Undefeated Appalachian State Continuing To Write Their Own History With 52-7 Thrashing of Louisiana-Monroe

Jay Crain/Appalachian State Athletics

There was no doubt that No. 24-ranked Appalachian State had a couple of extra helpings of motivation heading into Saturday afternoon’s homecoming football game at Kidd Brewer Stadium and the Mountaineers turned that incentive into their convincing 52-7 Sun Belt Conference rout of Louisiana-Monroe.

Remembering last season’s 34-14 loss to Georgia Southern four days following its first appearance in the Associated Press Football Bowl Subdivision national poll and a shocking 52-45 loss at ULM when the two teams last met in 2017, Appalachian (6-0 overall, 3-0 in conference) made sure there was no letdown in this one.

“We are motivated to write our own history,” said first-year App State coach Eliah Drinkwitz. “There were signs up all over the place with that 52-25 score. We were well aware of all of that. We knew that no other Sun Belt team had ever been ranked two weeks in a row. We use anything we can to motivate our team.”

Tim Cowie Photography

Delightful Darrynton

Darrynton Evans shredded the Warhawks defense for 132 yards rushing and one touchdown on 13 carries in the first half as the Mountaineers took a 31-7 lead to the locker room and added another score from 15 yards out to begin the third quarter. He finished with 136 yards on the ground and three receptions for 41 yards before turning over his responsibilities to other members of the deep running back corps.

As has become his signature during his burgeoning college career, the junior tailback stole back the momentum of the game almost immediately after ULM (3-4, 2-1) constructed a 7-0 lead on its 12-play, 82-yard opening drive.
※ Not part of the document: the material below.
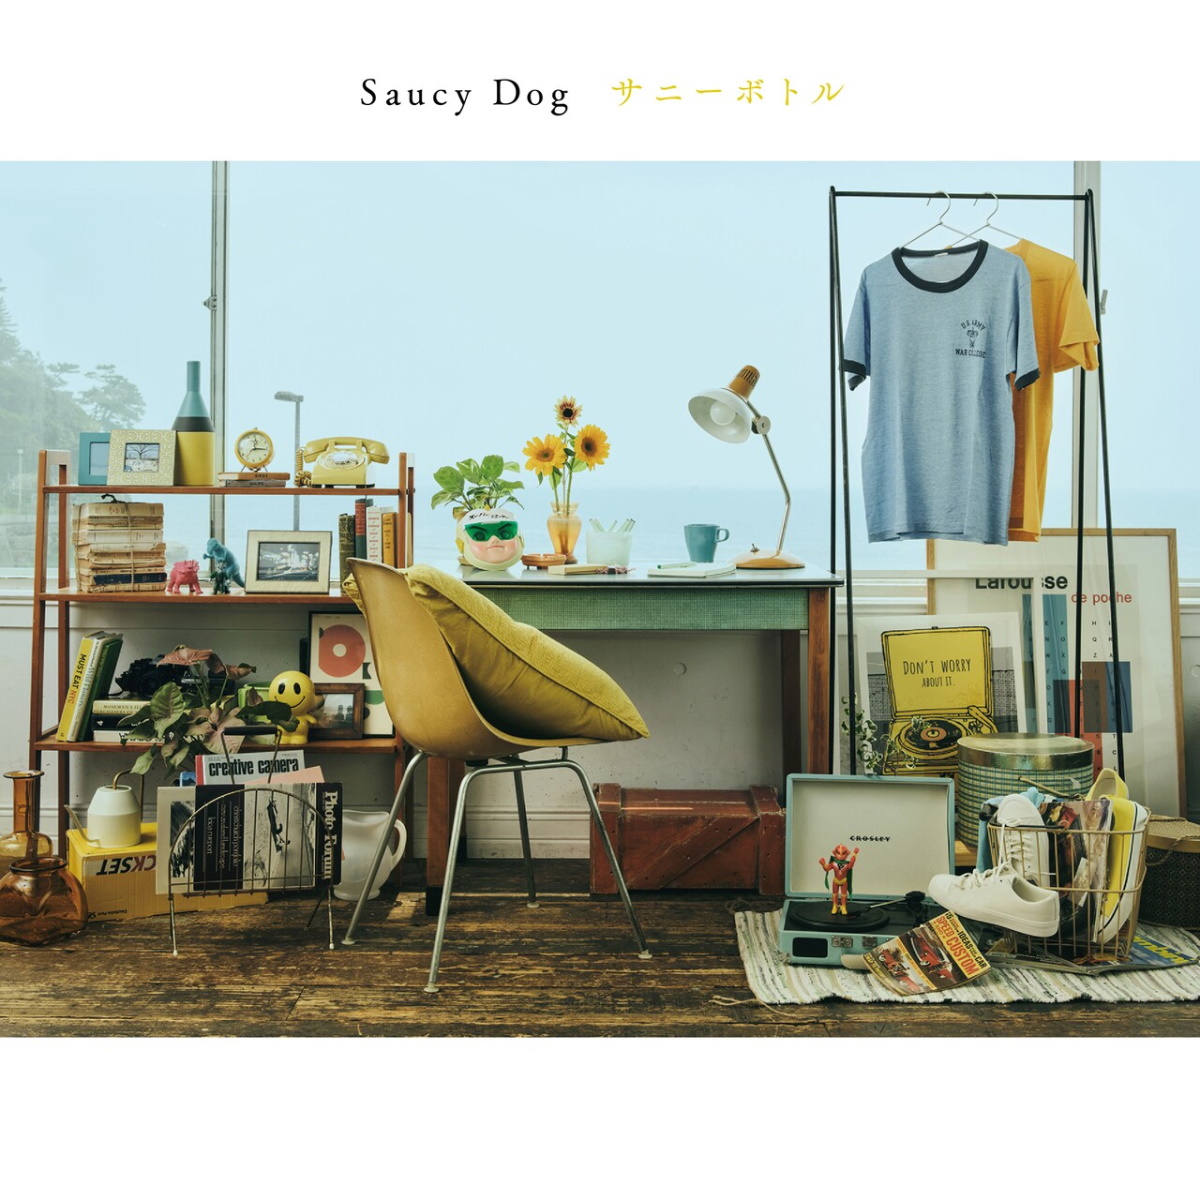 『Saucy Dog - シンデレラボーイ』収録の『レイジーサンデー』ジャケット

Evans electrified the sellout crowd of 27,117 fans by scampering 59 yards for his first touchdown the first time he touched the ball.

“Things just roll that way,” Evans said of his knack for big moments.

After that, the Appalachian defense played almost lights out, shutting out the dangerous Warhawks attack and holding ULM to 2-of-13 on third-down conversions. The Mountaineers forced three turnovers and limited ULM to 213 yards of total offense and nine first downs.

After being burned for 65 yards rushing by Warhawk tailback Josh Johnson in the first period, App State held this bruising runner to only 12 yards the rest of the contest.

On offense, ASU piled up 572 yards — 302 yards on the ground — and converted 13 of 18 third-down opportunities.

“This is the first game where all three phases clicked,” said App State quarterback Zac Thomas, who completed 18-of-30 passes for 214 yards and three touchdowns with just one interception and ran six times for 58 yards. When this squad puts together offense, defense and special teams in such a fashion, Thomas added that the Mountaineers can be “scary good.”

Bree Williams/ASU Athletics

Detail-Oriented Defense

The key to the game was Appalachian’s focus to details, FS Josh Thomas explained.

“Even though we are ranked, we can still be beat if we don’t do our job,” said Thomas, who contributed an important fumble recovery and 37-yard return on a Johnson miscue to forge one defensive stop. “I feel like we are finally clicking in the (new defensive) scheme.”

That play epitomized the effort of the Appalachian defense. Hustling sophomore nose tackle George Blackstock raced 12 yards upfield from the line of scrimmage to strip Johnson of the ball as linebacker Jordan Fehr was tackling the hard-nosed, Warhawk ball-carrier.

It was the first forced fumble of Blackstock’s career. He had blocked a key field goal attempt during last week’s nationally-televised, 17-7 victory at Louisiana-Lafayette.

“This was an opportunity for us and Louisiana-Monroe to make a statement,” Drinkwitz said, “and we made a statement.”

The Mountaineers will try to add another chapter to the success that has grown to 12 consecutive wins (third-best behind Clemson’s 22 and Ohio State’s 13 among FBS schools) next Saturday on the road at South Alabama (1-6, 0-3) at noon. The struggling Jaguars lost 37-13 to Troy in their latest Sun Belt encounter.

“Our goal is to do it better than it has ever been done before,” Thomas said. “The key is staying in the moment. If we win every day in practice, we expect to win on Saturday.”

That uneasy feeling around the rest of the conference is that the Mountaineers can still get better, even after its near-masterpiece against ULM.

“We’ve still got things to fix,” junior center Noah Hannon said.